/---

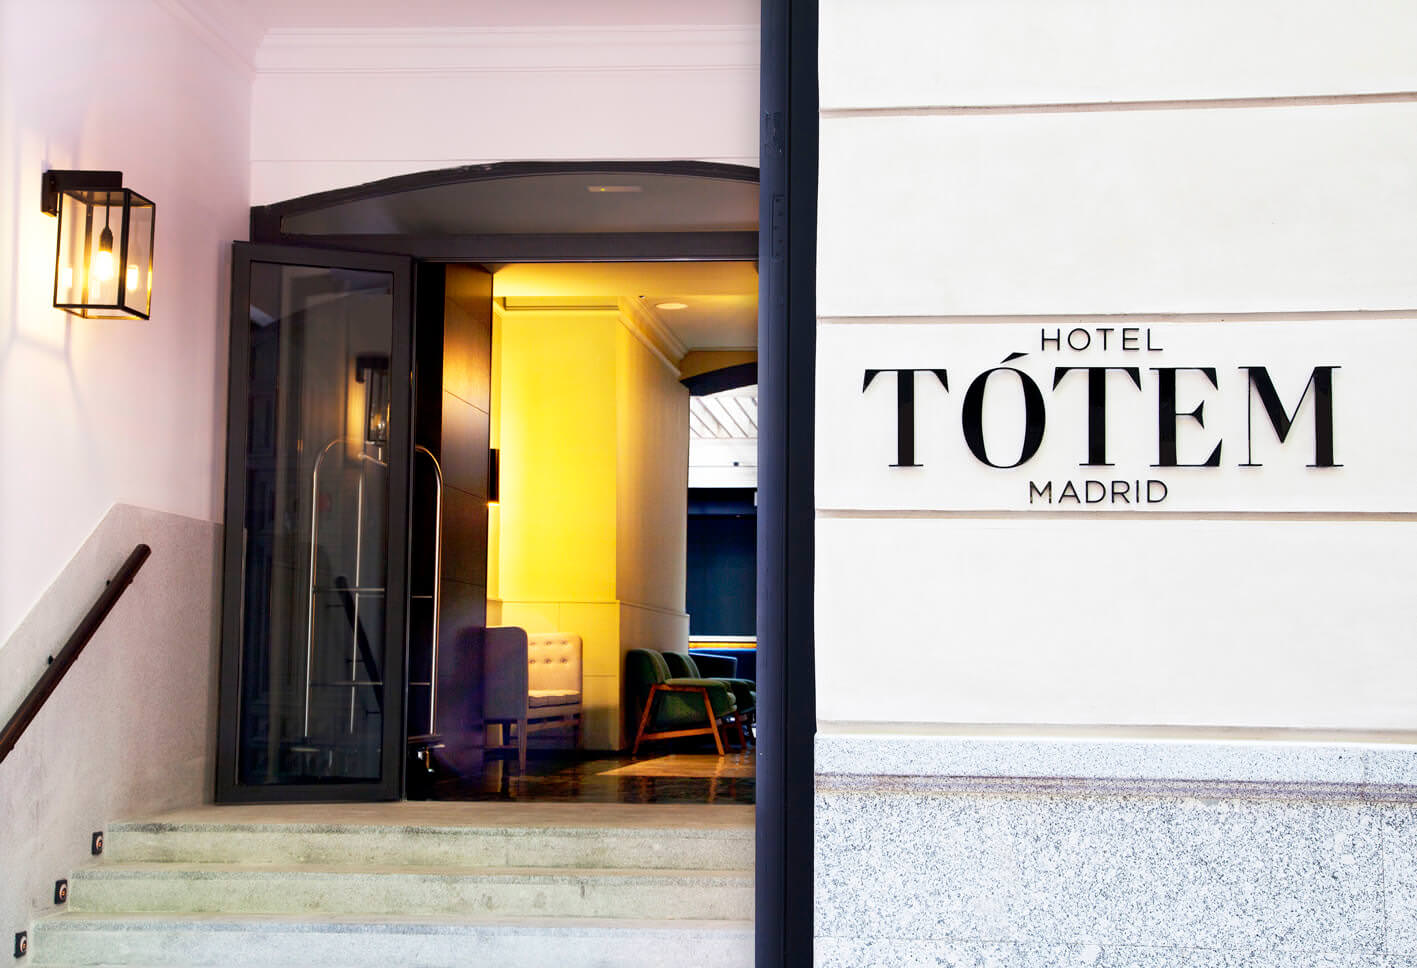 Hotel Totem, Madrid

\---
/---

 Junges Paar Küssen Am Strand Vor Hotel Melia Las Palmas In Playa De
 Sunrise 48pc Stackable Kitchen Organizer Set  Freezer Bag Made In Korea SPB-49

\---
/---

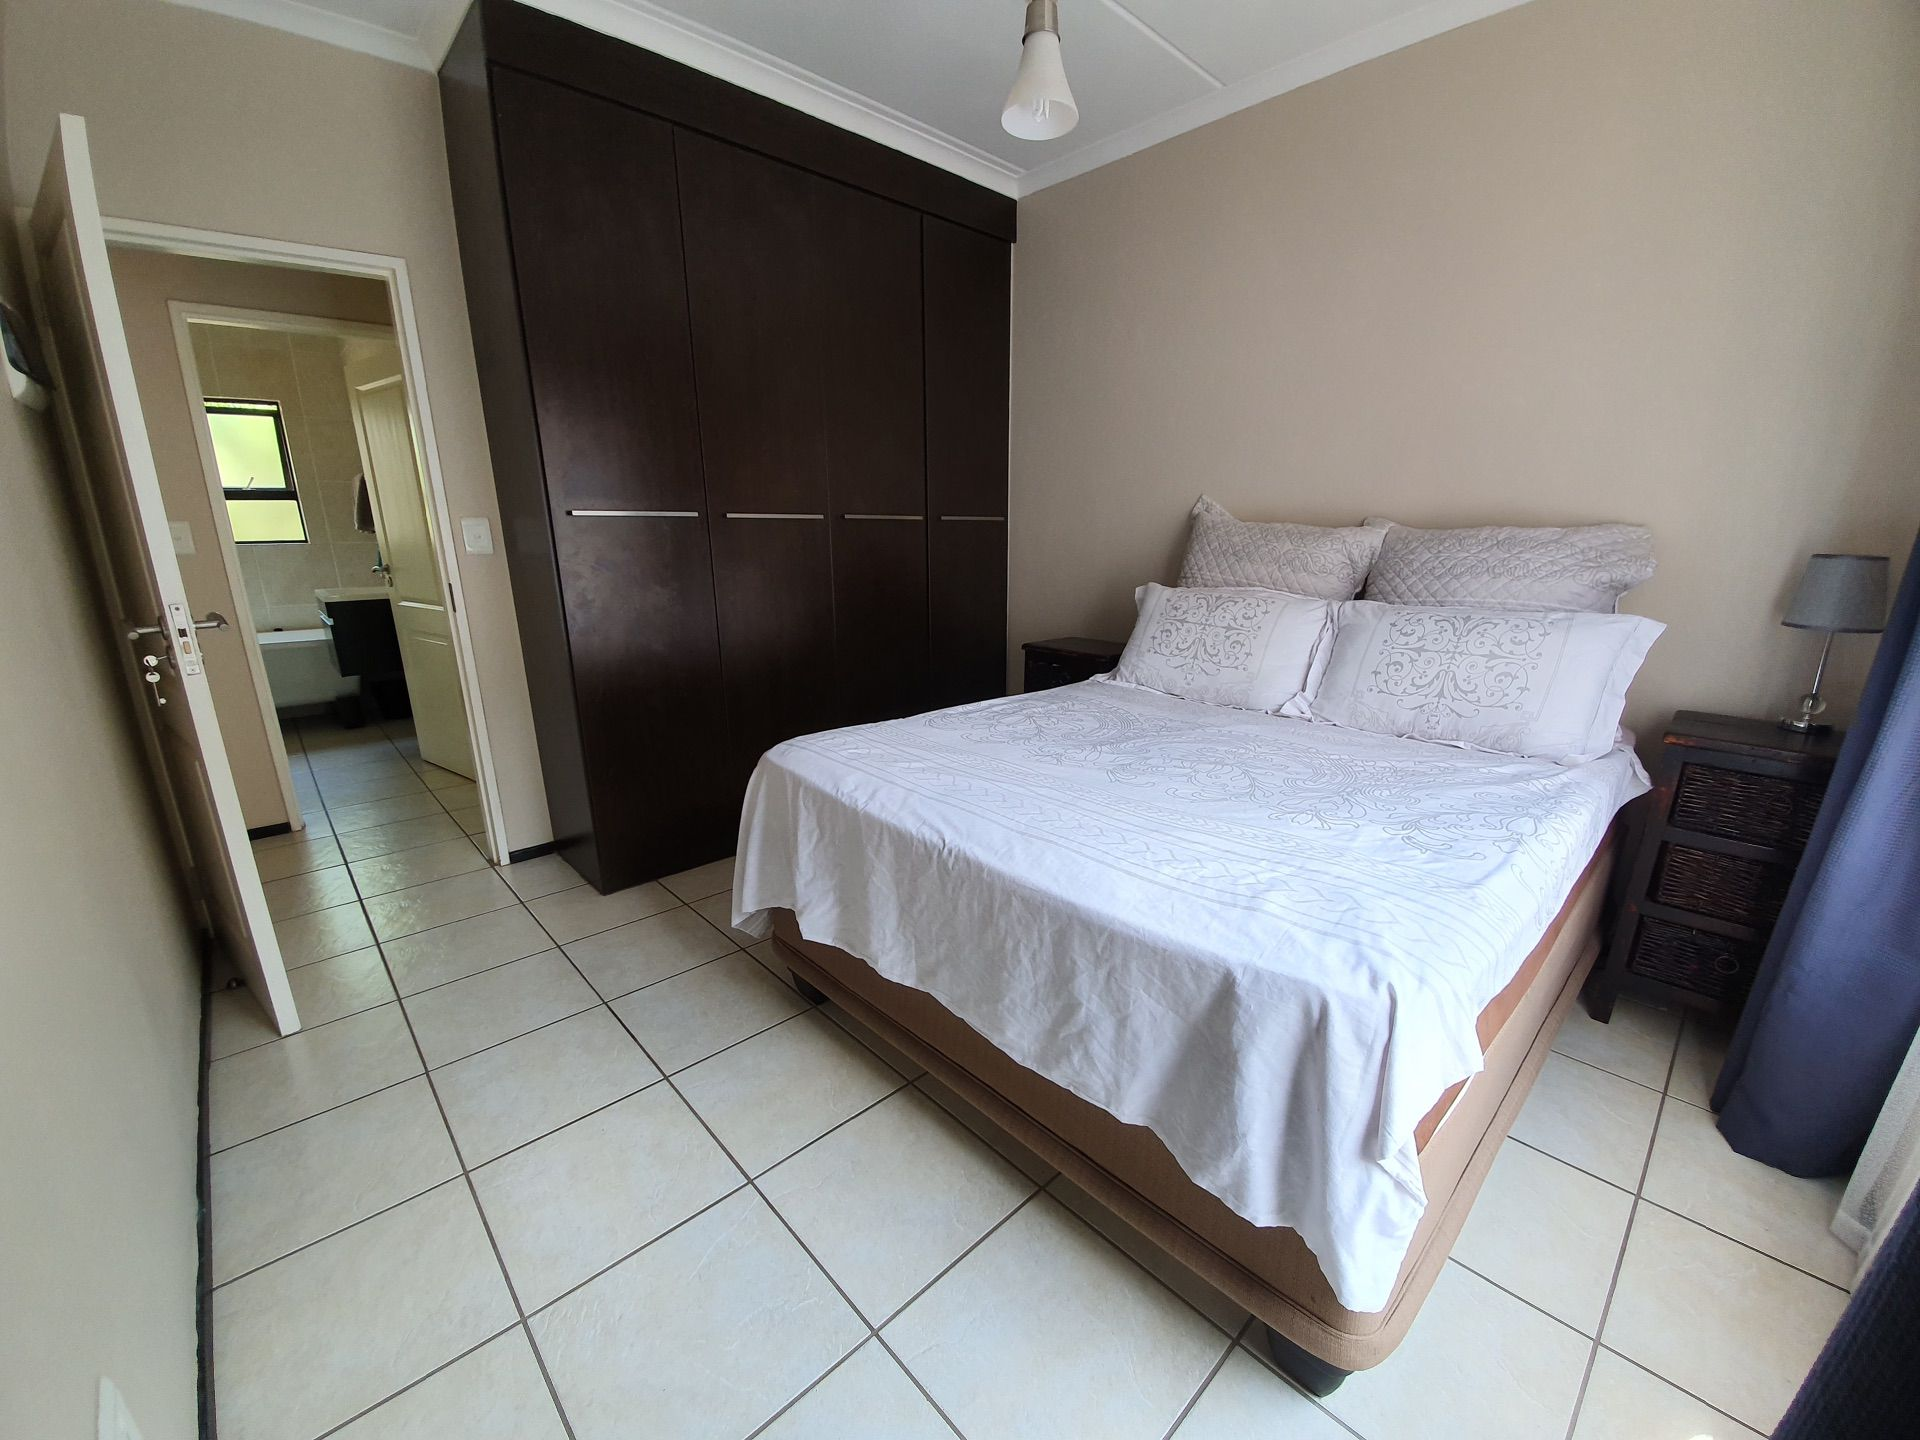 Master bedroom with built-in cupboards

\---

TO DO - Out of the entries above, write out only the lines between the line holding "Junges Paar Küssen" and the line holding "Sunrise 48pc Stackable", inclusive, each exactly as given.

RESPONSE FOR THIS EXERCISE -
 Junges Paar Küssen Am Strand Vor Hotel Melia Las Palmas In Playa De
 Sunrise 48pc Stackable Kitchen Organizer Set  Freezer Bag Made In Korea SPB-49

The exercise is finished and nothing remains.